De La Hoya, former professional boxer known as the “Golden Boy” and 10-time world champion, will read to the students from his children’s book “Super Oscar.” Through his firm Golden Boy Productions, De La Hoya started a charitable foundation to help underprivileged youth find a path in education.

“Reading is a fundamental skill that needs to begin at an early age, but unfortunately, not all children have access to books in their community. I am honored and excited to be a part of an initiative that educates and inspires the kids of Detroit to get excited about reading books every day,” said De La Hoya.

Ford Driving Dreams is part of Ford’s overall education efforts in Detroit with a focus on keeping students in school and promoting reading at an early age. According to a 2015 report from The Nation’s Report Card, only seven percent of Detroit eighth graders were proficient in reading.

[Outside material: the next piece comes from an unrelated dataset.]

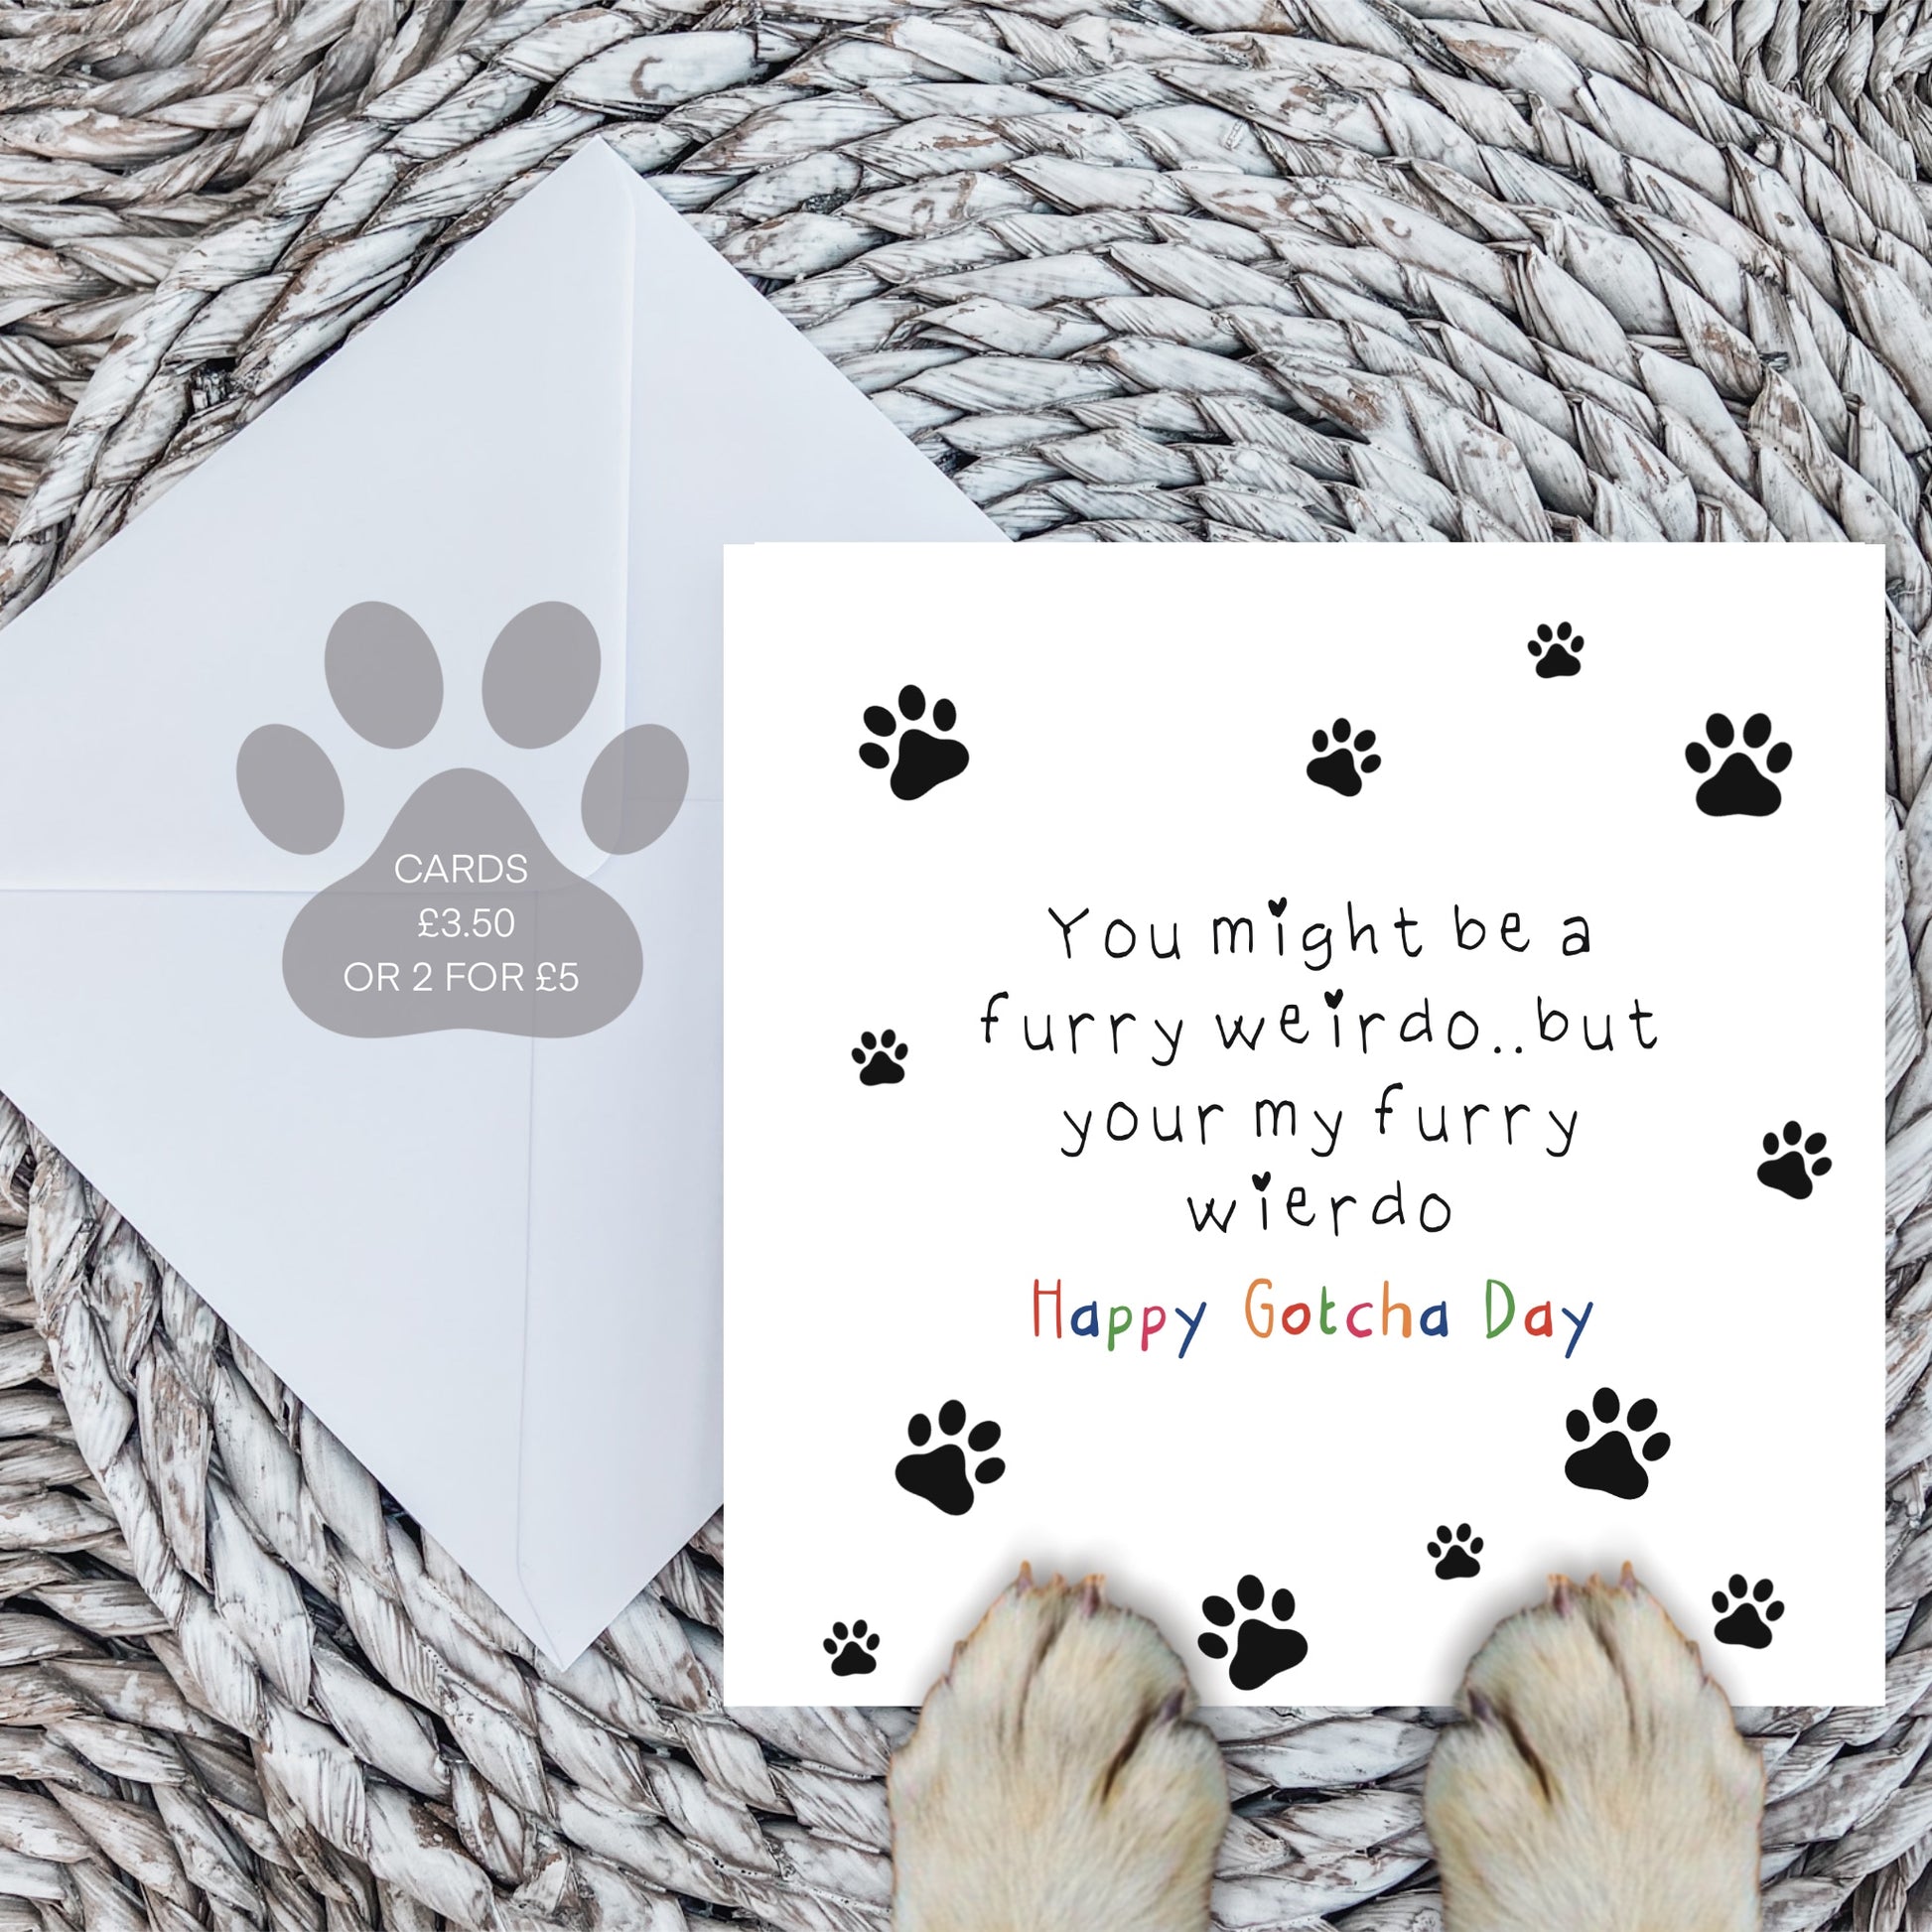 gotcha day card for dog, got ha day card for cat, gotcha day anniversary card, card for my dog, dogs birthday card, gift for dog, gift for cat, funny card

Nationally, research shows that in some low-income communities, there is only one book per 300 children. First Book is a nonprofit group that provides new books and educational resources to kids. Ford Driving Dreams was designed by Ford Motor Company Fund to help youth stay in school and pursue higher education.

Launched in 2012, the program has reached more than 75,000 students in California, Illinois, Indiana, Florida, Texas, and Panama. Ford and its philanthropic arm, have invested $161 million over 10 years in southeast Michigan. In the past year, Ford has invested $20 million in local education, arts, cultural, diversity, hunger relief, and social organizations.